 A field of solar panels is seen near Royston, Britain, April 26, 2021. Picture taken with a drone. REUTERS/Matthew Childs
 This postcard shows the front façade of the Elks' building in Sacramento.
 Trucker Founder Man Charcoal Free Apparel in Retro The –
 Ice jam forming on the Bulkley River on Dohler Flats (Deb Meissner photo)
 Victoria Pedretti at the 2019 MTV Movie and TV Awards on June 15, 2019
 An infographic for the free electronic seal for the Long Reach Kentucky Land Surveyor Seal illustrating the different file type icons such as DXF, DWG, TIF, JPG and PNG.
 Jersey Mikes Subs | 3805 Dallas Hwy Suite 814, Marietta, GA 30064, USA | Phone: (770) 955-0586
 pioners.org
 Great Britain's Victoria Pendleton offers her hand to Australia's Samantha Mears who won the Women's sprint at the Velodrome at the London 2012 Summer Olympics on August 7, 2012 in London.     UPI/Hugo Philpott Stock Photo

::::::::::

» **WORK TO COMPLETE**
Your response should contain each line of the entries above that holds the string "Britain".

» **TASK ANSWER**
 A field of solar panels is seen near Royston, Britain, April 26, 2021. Picture taken with a drone. REUTERS/Matthew Childs
 Great Britain's Victoria Pendleton offers her hand to Australia's Samantha Mears who won the Women's sprint at the Velodrome at the London 2012 Summer Olympics on August 7, 2012 in London.     UPI/Hugo Philpott Stock Photo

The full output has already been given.